- Ashville
- Coordinates: 35°31′S 139°22′E﻿ / ﻿35.51°S 139.37°E
- Population: 28 (SAL 2021)
- Postcode(s): 5259
- Location: 32 km (20 mi) south of Tailem Bend ; 127 km (79 mi) southeast of Adelaide ;
- State electorate(s): Hammond
- Federal division(s): Barker
Localities around Ashville:
|  | Wellington East | Cooke Plains |
| Poltalloch | Ashville | Malinong |
|  | Waltowa | Meningie East |

= Ashville, South Australia =

Ashville is a locality in South Australia along the Princes Highway between Tailem Bend and Meningie.

The locality is named after George Ash, who was a member of the South Australian Legislative Assembly in the 1890s and a business partner of Charles Cameron Kingston.

In 1913, the district population was 80 people.

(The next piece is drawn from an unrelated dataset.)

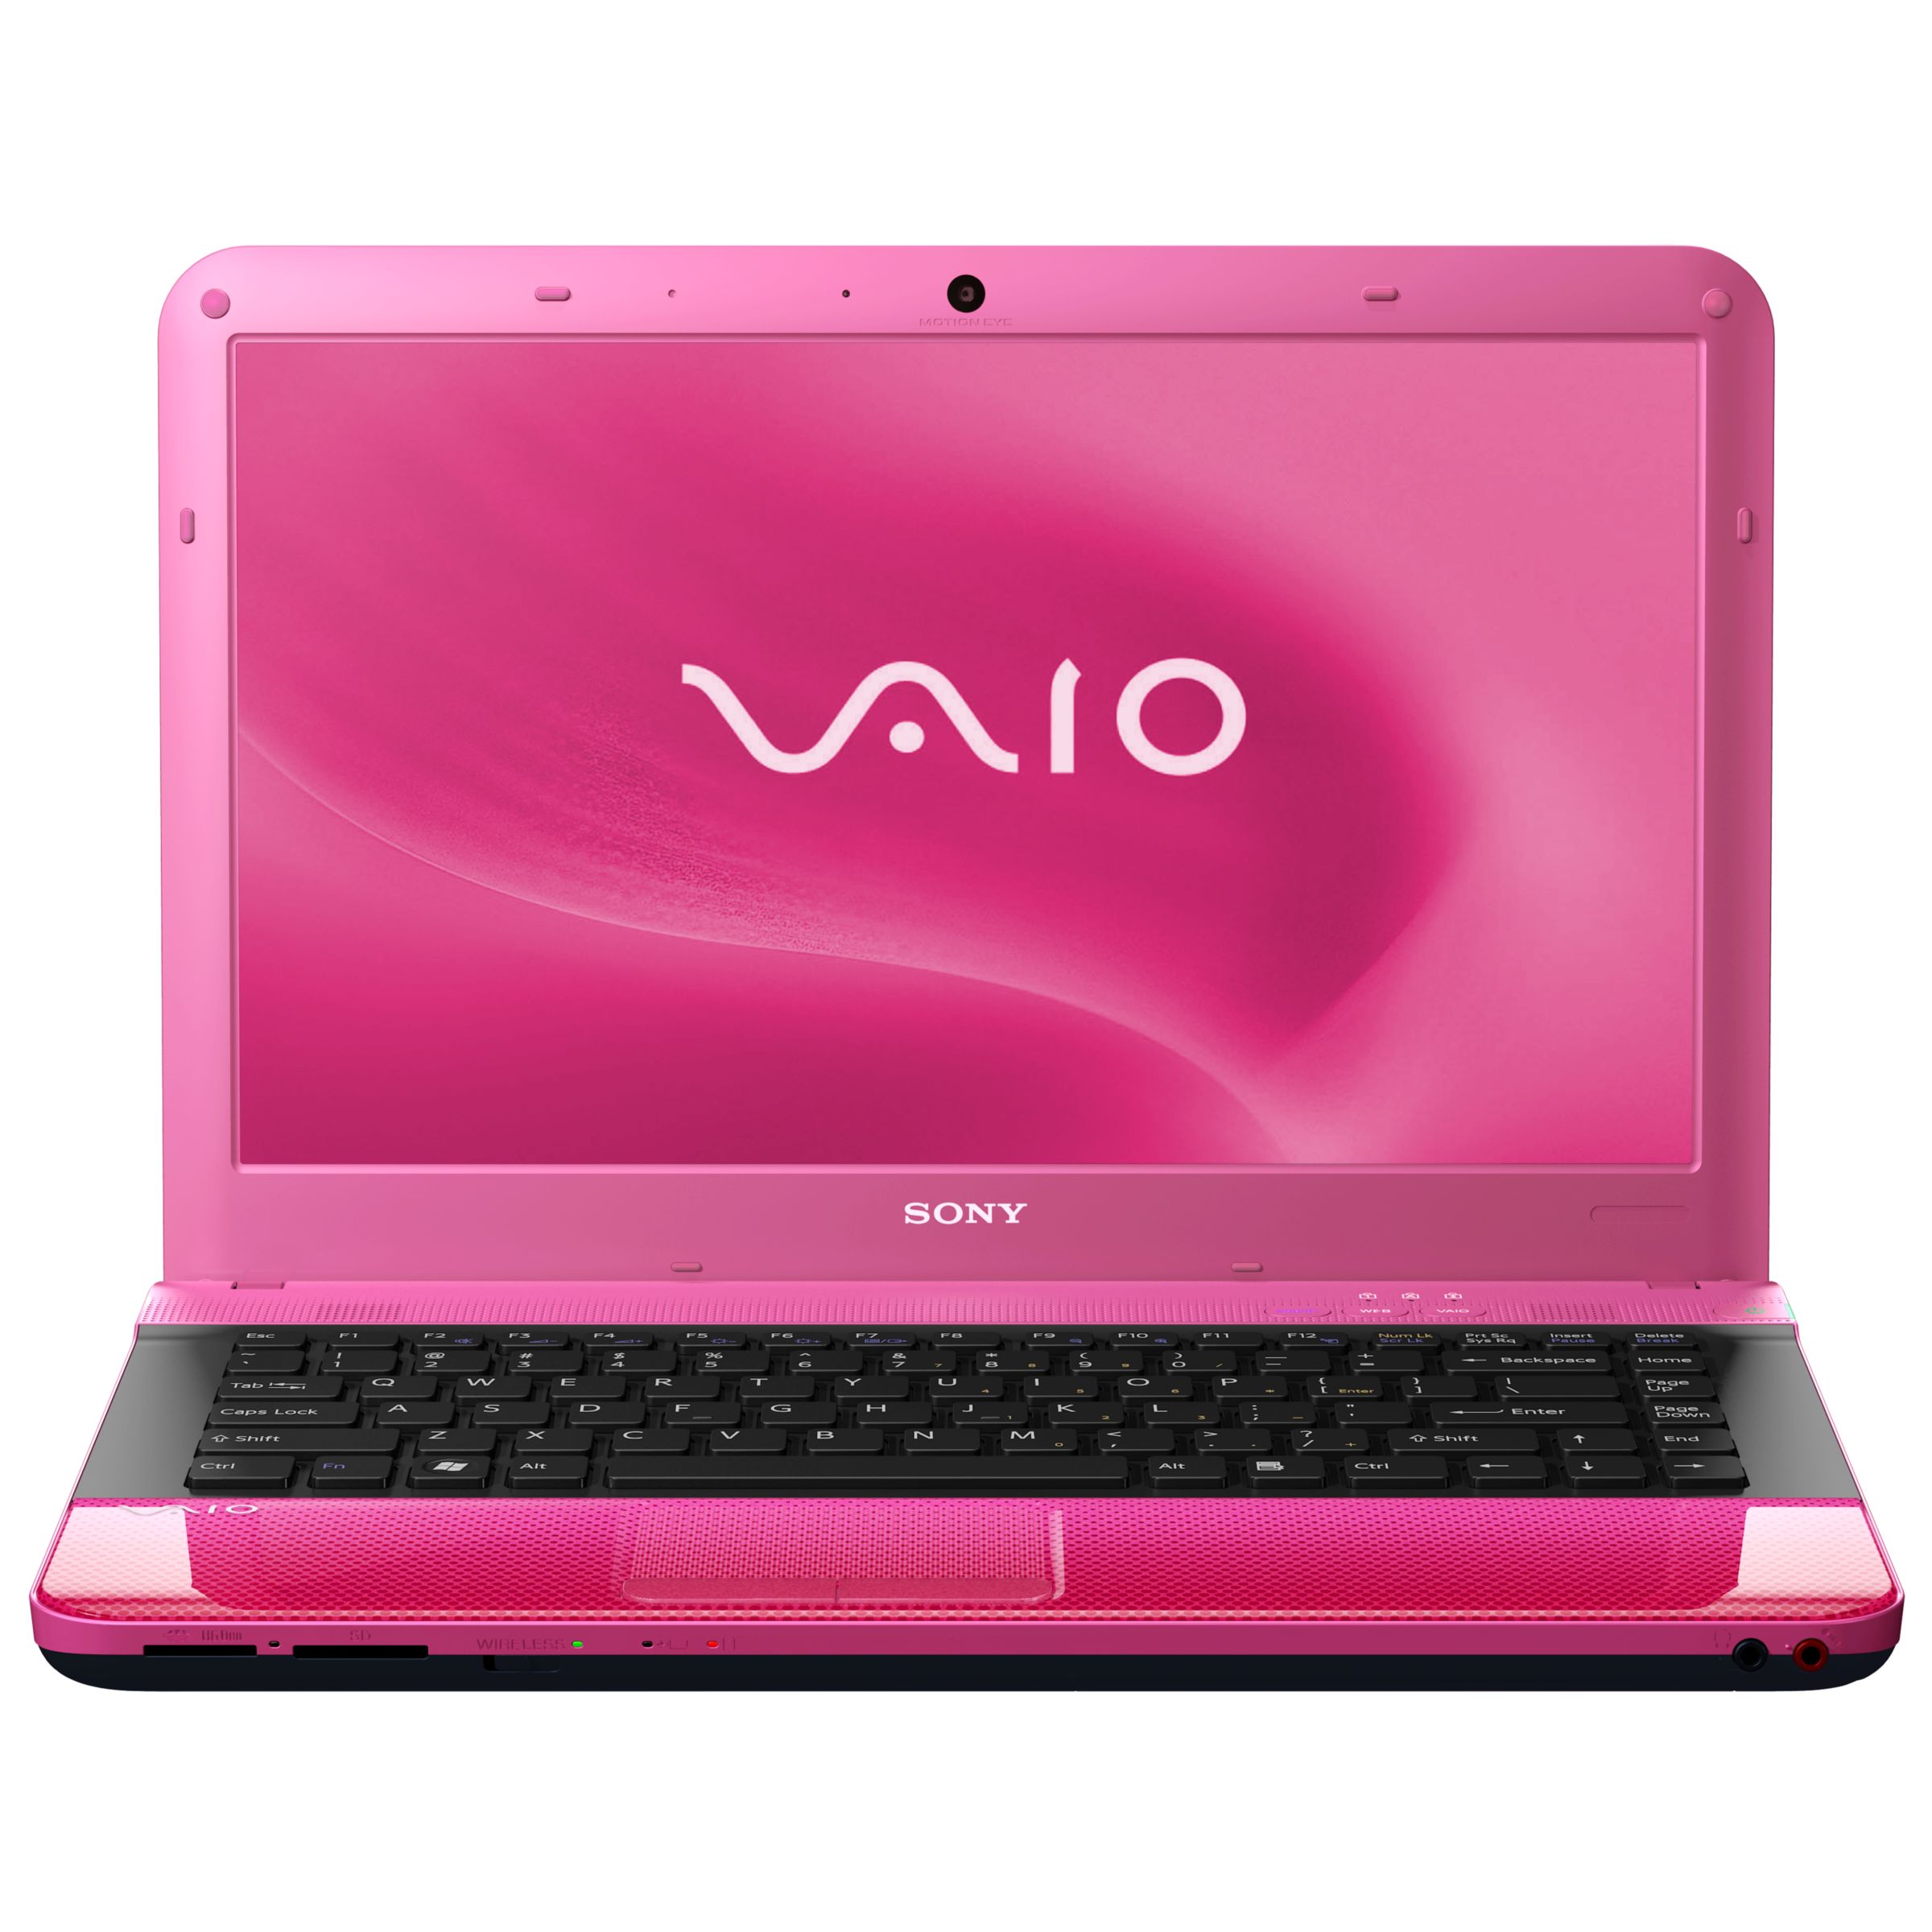 Sony Vaio VPC-EA3S1E/P Laptop, Intel Core i3, 500GB, 2.4GHz with 14 Inch Display, Pink at John Lewis

A school at Ashville opened in 1895 and closed in 1959. A school hall built of stone opened in December 1918 to serve the purposes of "...the education of the children, a place of meeting and wholesome recreation for the young people, and a place of worship" at a cost of £600. It benefited the people of Ashville, Poltalloch and Albert Hill. The debt was still being paid off in 1920.

The Ashville Memorial Hall was "erected in memory of those who served". An appeal for funds following World War II included a gala country fair in 1949 at Poltalloch. The building now houses an art gallery and antique shop.